Note that all the values may include <B></B> for bold, and presumably also <I> and <U>.

Usage

Should your DBPedia endpoint not support CORS nor JSONP, you can use a proxy as follows:

(1) in your backend API, add a proxy API controller like this (ProxyController.cs):

[ApiController]
[Route("api/proxy")]
public sealed class ProxyController : ControllerBase
{
    private readonly HttpClient _httpClient;

    public ProxyController(HttpClient httpClient)
    {
        _httpClient = httpClient;
    }

    /// <summary>
    /// Gets the response from the specified URI.
    /// </summary>
    /// <param name="uri">The URI, e.g.
    /// <c>https://lookup.dbpedia.org/api/search?query=plato&format=json&maxResults=10</c>
    /// .</param>
    /// <returns>Response.</returns>
    [HttpGet]
    [ResponseCache(Duration = 60 * 10, VaryByQueryKeys = ["uri"], NoStore = false)]
    public async Task<IActionResult> Get([FromQuery] string uri)
    {
        try
        {
            HttpResponseMessage response = await _httpClient.GetAsync(uri);

            if (response.IsSuccessStatusCode)
            {
                string content = await response.Content
                    .ReadAsStringAsync();
                return Content(content, "application/json");
            }

            return StatusCode((int)response.StatusCode);
        }
        catch (Exception ex)
        {
            Debug.WriteLine(ex.ToString());
            return StatusCode(500, ex.Message);
        }
    }
}

This requires CORS, which should already be setup for the API, and the following services:

builder.Services.AddHttpClient();
// for caching
builder.Services.AddResponseCaching();

If you are not using response caching (i.e. you remove the ResponseCacheAttribute from the sample code above) you can remove AddResponseCaching.

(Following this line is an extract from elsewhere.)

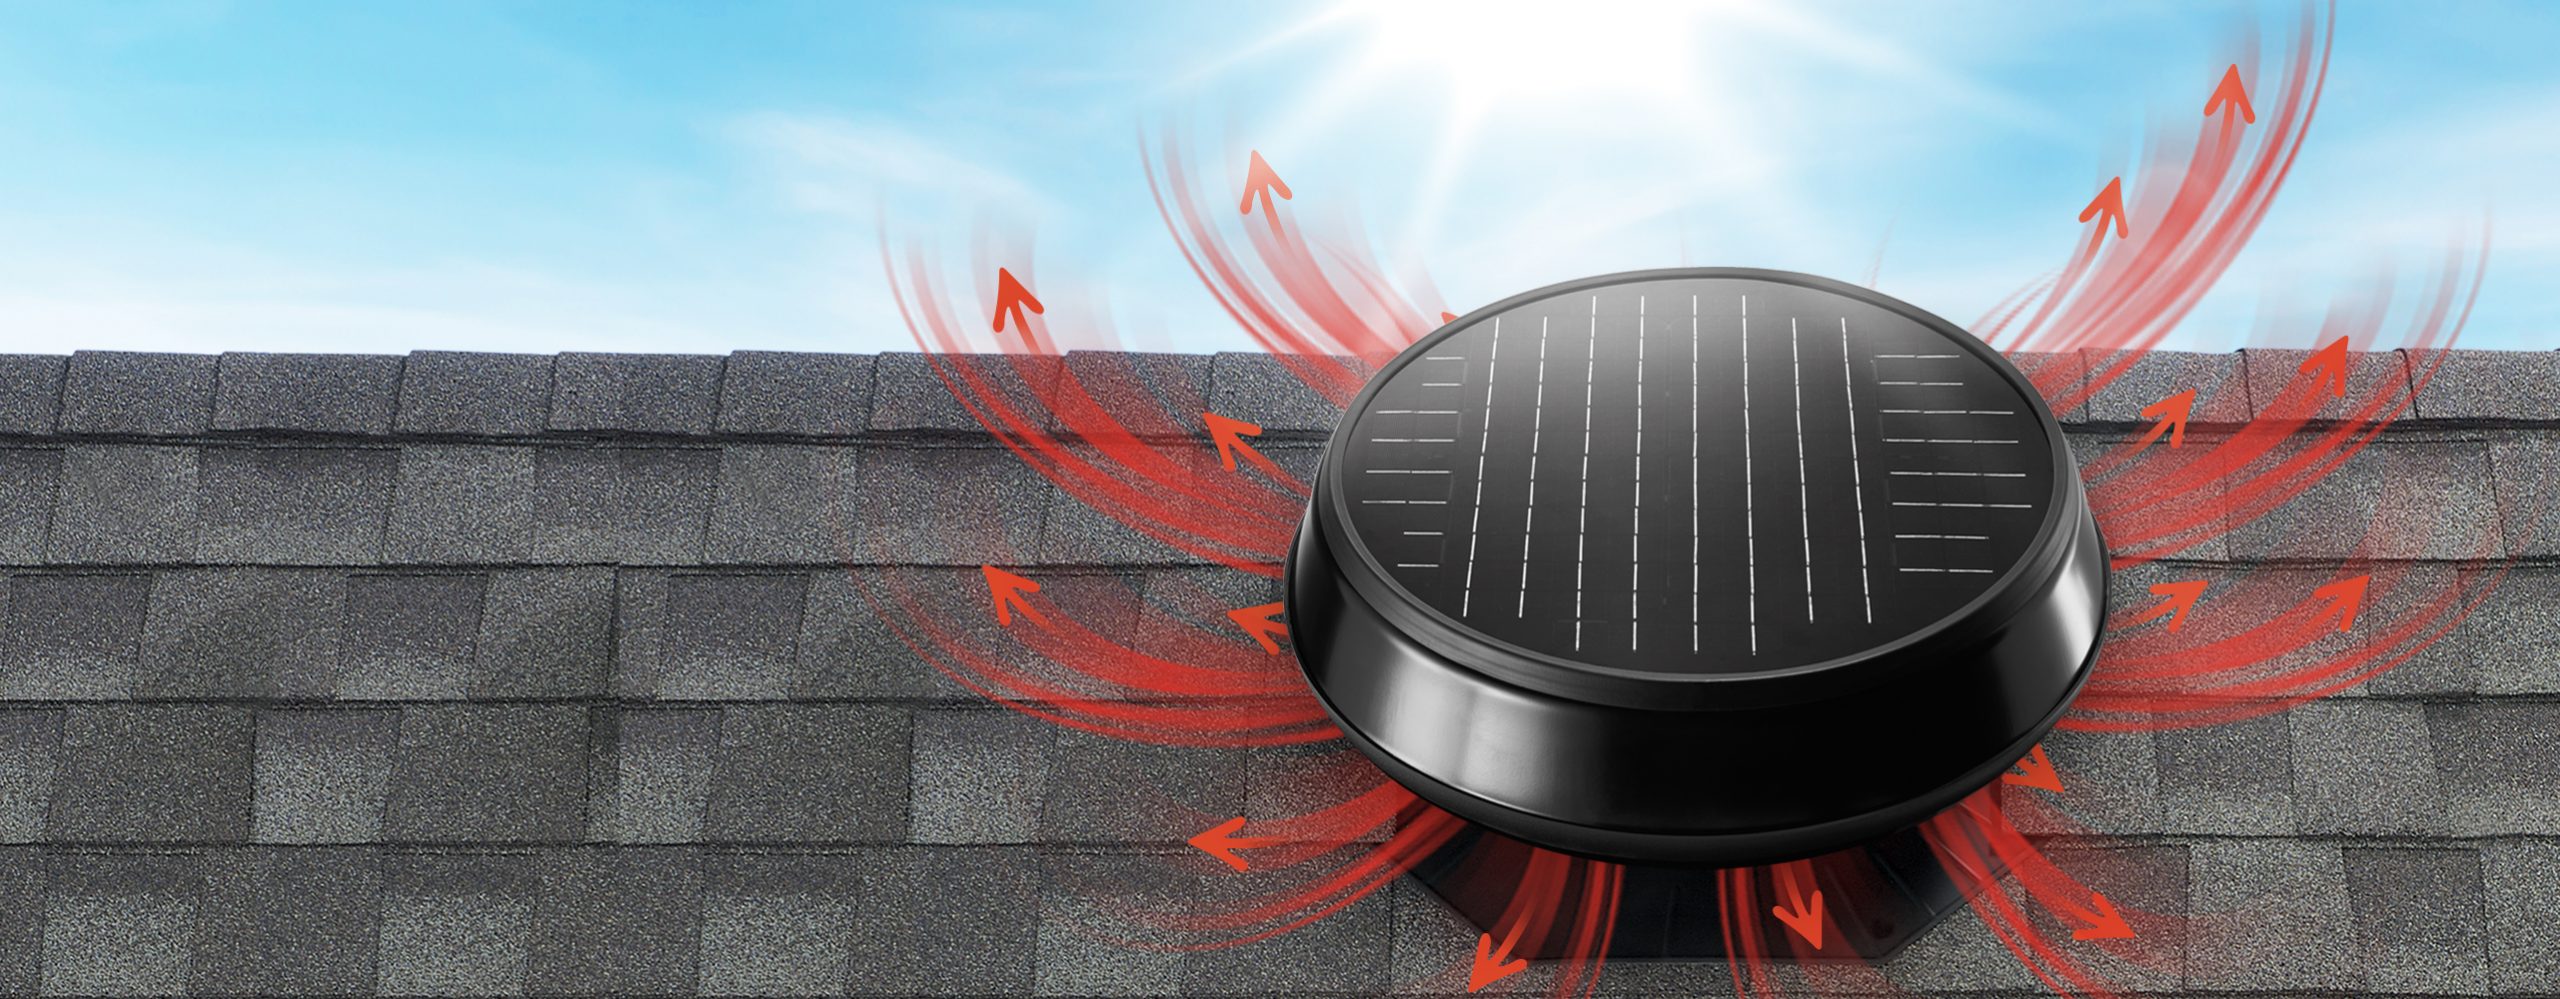 Solar Roof Ventilator/ Solar Attic Ventilator - Green-Vent Solar

Also, if you use response caching (which is the default) add this middleware to your app's pipeline (immediately after CORS):

app.UseResponseCaching();

(2) Once you provide this proxy endpoint, configure the Angular app like this:

{ provide: HTTP_INTERCEPTORS, useClass: ProxyInterceptor, multi: true },
{ provide: PROXY_INTERCEPTOR_OPTIONS, useValue: {
    proxyUrl: 'http://localhost:5161/api/proxy',
    urls: [
      'http://lookup.dbpedia.org/api/search',
      'http://lookup.dbpedia.org/api/prefix'
    ]
  }
},

This configures the proxy interceptor, whose task is intercepting requests to services not supporting CORS, like DBPedia, and rewrite them so that they are redirected to the proxy service endpoint shown above under (1). Using a proxy bypasses the issues of browsers in consuming services not providing support for CORS or JSONP.